**Given entries**:
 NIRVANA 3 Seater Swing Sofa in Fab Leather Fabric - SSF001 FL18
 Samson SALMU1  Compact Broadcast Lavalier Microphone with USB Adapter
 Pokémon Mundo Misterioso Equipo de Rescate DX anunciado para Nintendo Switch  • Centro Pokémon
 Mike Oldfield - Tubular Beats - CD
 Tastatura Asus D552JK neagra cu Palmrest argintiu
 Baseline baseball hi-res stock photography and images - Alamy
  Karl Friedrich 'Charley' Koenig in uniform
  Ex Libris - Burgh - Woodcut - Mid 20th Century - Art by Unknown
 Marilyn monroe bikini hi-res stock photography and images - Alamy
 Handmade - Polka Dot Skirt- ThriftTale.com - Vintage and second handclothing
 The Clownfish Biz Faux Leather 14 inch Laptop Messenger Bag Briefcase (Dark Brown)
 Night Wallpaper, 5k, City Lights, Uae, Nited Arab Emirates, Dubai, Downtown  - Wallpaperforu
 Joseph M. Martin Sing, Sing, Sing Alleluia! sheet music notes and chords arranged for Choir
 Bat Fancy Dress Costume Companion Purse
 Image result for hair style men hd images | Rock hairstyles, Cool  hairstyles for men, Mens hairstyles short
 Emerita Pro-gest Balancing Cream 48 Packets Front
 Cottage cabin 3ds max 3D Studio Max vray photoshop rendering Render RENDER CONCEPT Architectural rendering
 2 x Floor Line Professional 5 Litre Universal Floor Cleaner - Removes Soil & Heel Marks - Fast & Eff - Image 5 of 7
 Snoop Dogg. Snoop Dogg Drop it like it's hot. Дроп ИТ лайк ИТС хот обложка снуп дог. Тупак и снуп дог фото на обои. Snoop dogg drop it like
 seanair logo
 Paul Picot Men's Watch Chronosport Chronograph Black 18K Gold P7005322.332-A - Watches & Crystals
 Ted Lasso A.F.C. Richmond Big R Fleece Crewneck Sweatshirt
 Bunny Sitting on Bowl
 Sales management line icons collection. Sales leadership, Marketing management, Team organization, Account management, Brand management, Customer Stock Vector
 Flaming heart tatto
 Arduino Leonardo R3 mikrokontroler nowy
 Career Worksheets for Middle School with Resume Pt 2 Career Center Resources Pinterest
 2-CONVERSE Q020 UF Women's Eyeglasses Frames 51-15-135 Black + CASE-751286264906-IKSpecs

**Task requirements**:
Using the data above, extract exactly the lines from the one that holds "with USB Adapter" to the one that holds "The Clownfish Biz", both ends included, and no others.

**Exercise answer**:
 Samson SALMU1  Compact Broadcast Lavalier Microphone with USB Adapter
 Pokémon Mundo Misterioso Equipo de Rescate DX anunciado para Nintendo Switch  • Centro Pokémon
 Mike Oldfield - Tubular Beats - CD
 Tastatura Asus D552JK neagra cu Palmrest argintiu
 Baseline baseball hi-res stock photography and images - Alamy
  Karl Friedrich 'Charley' Koenig in uniform
  Ex Libris - Burgh - Woodcut - Mid 20th Century - Art by Unknown
 Marilyn monroe bikini hi-res stock photography and images - Alamy
 Handmade - Polka Dot Skirt- ThriftTale.com - Vintage and second handclothing
 The Clownfish Biz Faux Leather 14 inch Laptop Messenger Bag Briefcase (Dark Brown)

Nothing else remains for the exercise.